I used to like to go over to Cleveland and meet that charming group Johnson had gathered about him. There was in them a spirit I never saw in such fullness elsewhere; they were all working for the city, they thought only of the success of the whole. They had the city sense, a love of their town like that love which undergraduates have for their university, the esprit de corps of the crack regiment.

But Johnson used to set me to work with the rest of them. I went over there once to spend the week’s end, for rest and relaxation, and he had me working far into three nights on amendments to the municipal code. He had terrible energy, but it was a joy to work with him. I wish I had gone oftener.

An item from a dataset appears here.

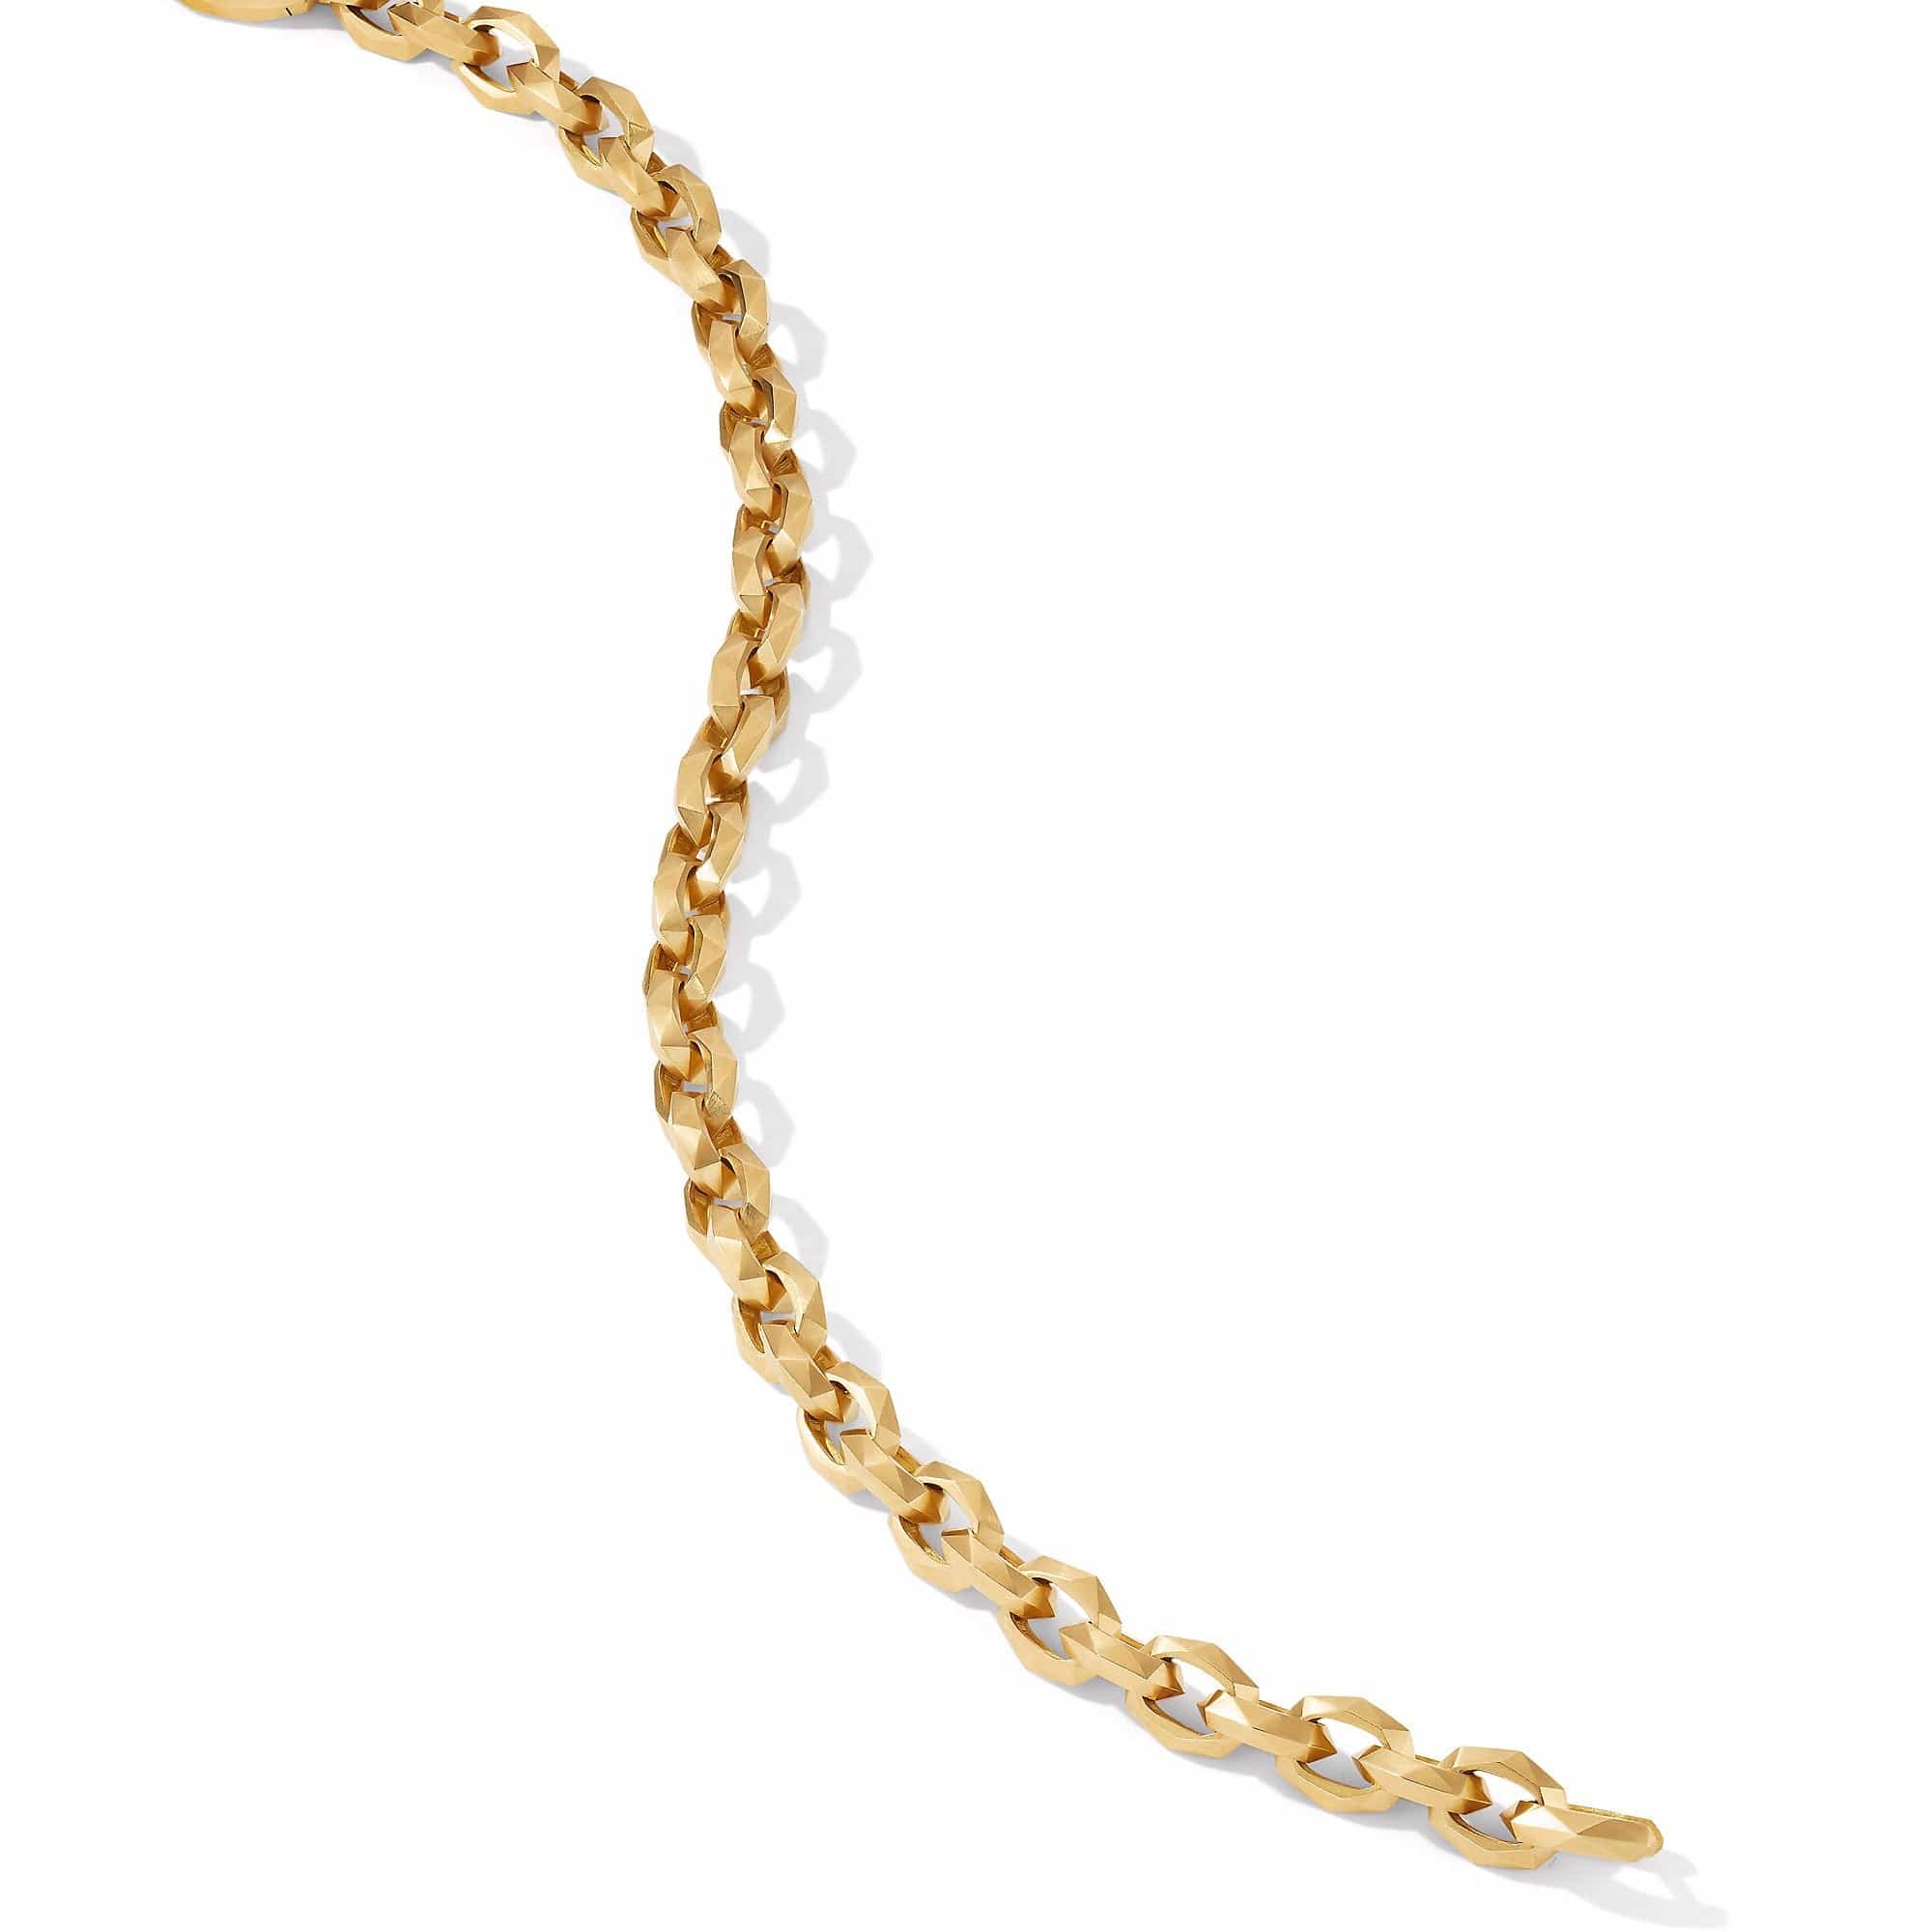 Torqued Faceted Chain Link Bracelet in 18K Yellow Gold, Yellow Gold, Long's Jewelers

I have said enough I hope to make it clear that Tom Johnson was one of those mortals who have somehow been lifted above their fellows far enough to catch a vision of the social order which people generally as yet do not see. It was inevitable, of course, that such a man, especially since he was a rich man, should have his motives impugned, and I recall now with what a confidential chuckle he said to me one time when he had been accused of I know not what vaulting and wicked ambition:

“I am politically ambitious; I have just one ambition; I want to be the mayor of a free city, and if I were, the very first thing I should do would be to appoint a corps of assessors who couldn’t see a building, or an improvement; they would assess for taxation nothing but the value of the land, and we would try out the single tax.”

He did not realize that ambition of course; no one ever realizes his ambition. But he did perhaps more than any other man in America to make possible the coming of the free city in this land.